What this has turned into is an epidemic whereby PC users the world over are forced to use Microsoft products. Even Apple has admitted defeat to Microsoft's office programs to the point they are iBook compatible. So we are slaves to the whim.

I do not blame the programmers. In fact, I refuse to. No programmer ever wants to put out a shabby product but the mere demand and rapid use of the system has thrown up incredible problems. To most businesses this would be a problem but Gates knows that the world needs Microsoft and so does not much care for user problems.

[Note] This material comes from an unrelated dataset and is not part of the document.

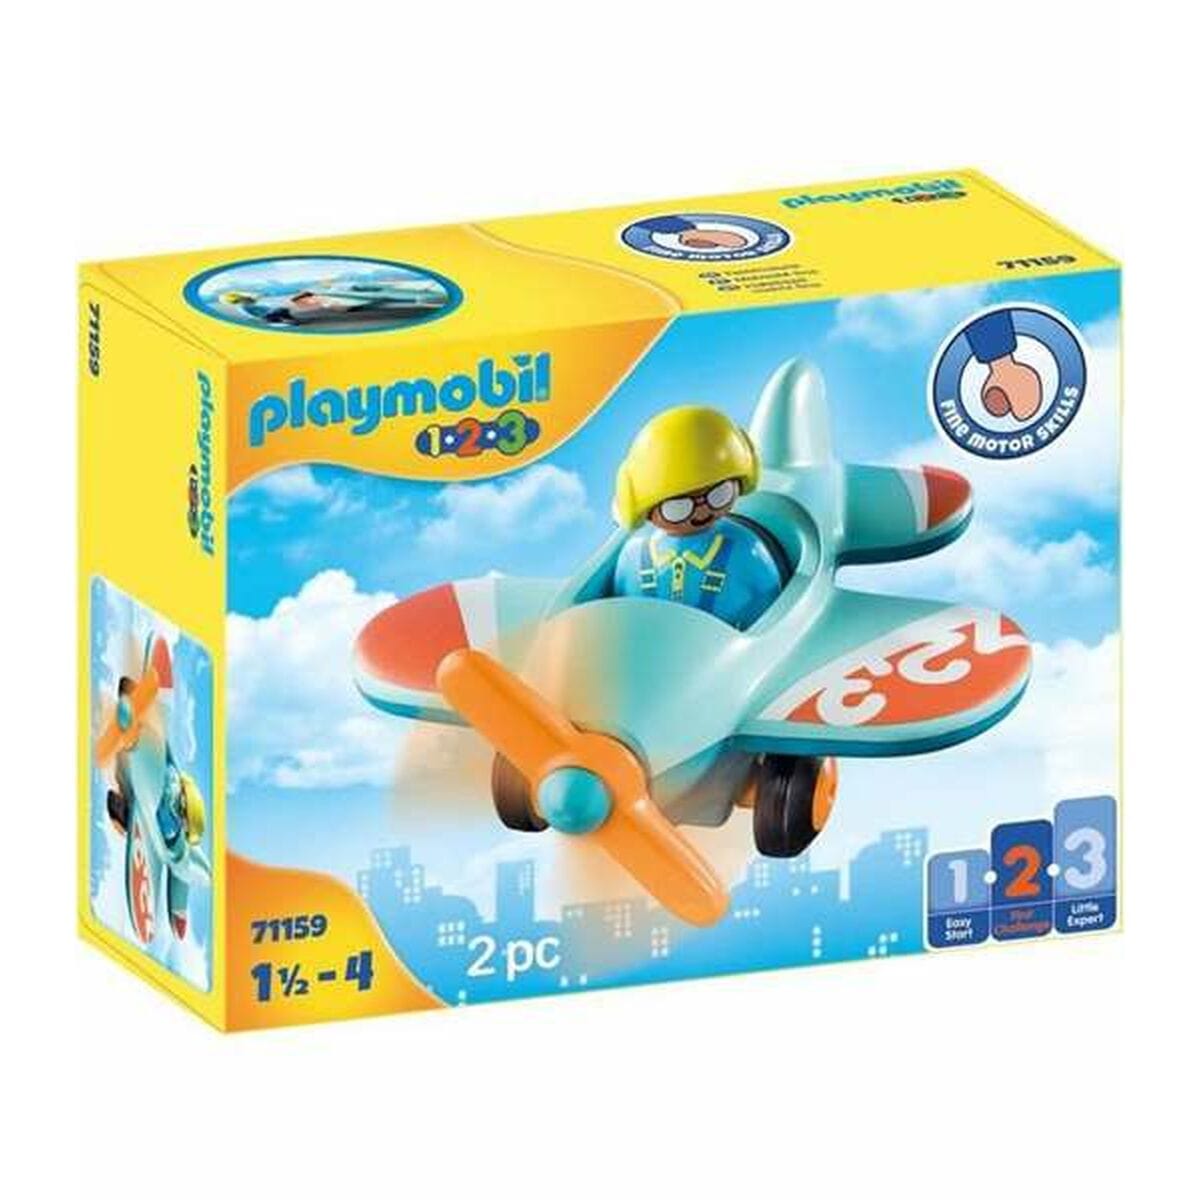 Playmobil Spielzeug | Kostüme > Spielzeug und Spiele > Weiteres spielzeug Playset Playmobil 1.2.3 Plane 71159 2 Stücke
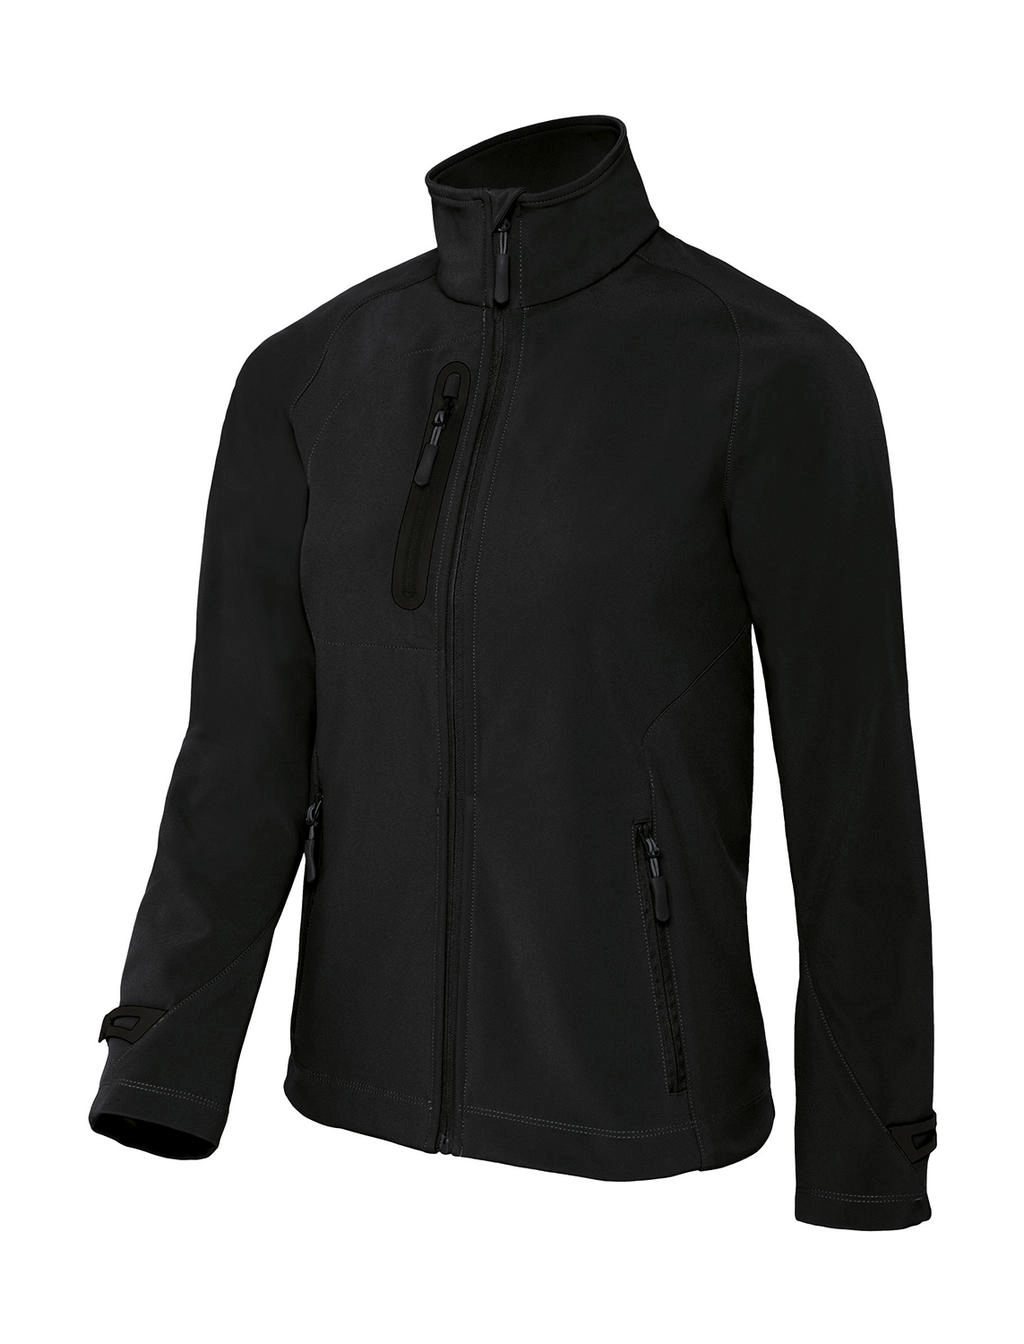 X-Lite Softshell/women Jacket zum Besticken und Bedrucken in der Farbe Black mit Ihren Logo, Schriftzug oder Motiv.

The little guy gets trampled. In this case: me. The problems I encountered with msn spaces are too numerouse, but I finally cracked it after the damn thing removed half my entries, changed my settings and subsribed me to something called "window's live" because, in the true American Way, Bigger is Better. Bullfuck.

I nearly coped, I really did, but msn took the cake when it deleted all my photos. I've had it. They have shown they don't need me, and I don't really care for them so everyone can get stuffed. Now I'm here, I hopefully haven't sworn too much to get ejected and for those who don't know:

This is My Blog. It is a vent hole. A release. When something is on my mind I endeavor to put it on here to enable me to think about it while I write. It's a random blog. Deal with it. Now where are my pants?

Carpe Diem

If you keep building up tomorrow with promises you'll have nothing but a bunch if empty yesterdays.
LIVE FOR THE DAY! SIEZE IT! SIEZE IT LIKE YOU NEVER HAVE BEFORE!

Thankyou Janis Joplin:
"If you have a cat for one day, man. Lets say that you want a cat for 365 days. You got him for one day. Well I'll tell you that one day, that'd be your life. Like say you could cry about the other 364 days right. But with that one day man, it'd be your life. And you gotta call that love man. Cause that's what it is. If you got it today you don't worry about tomorrow man. Cause you don't need it."

So live in love guys. Live for today.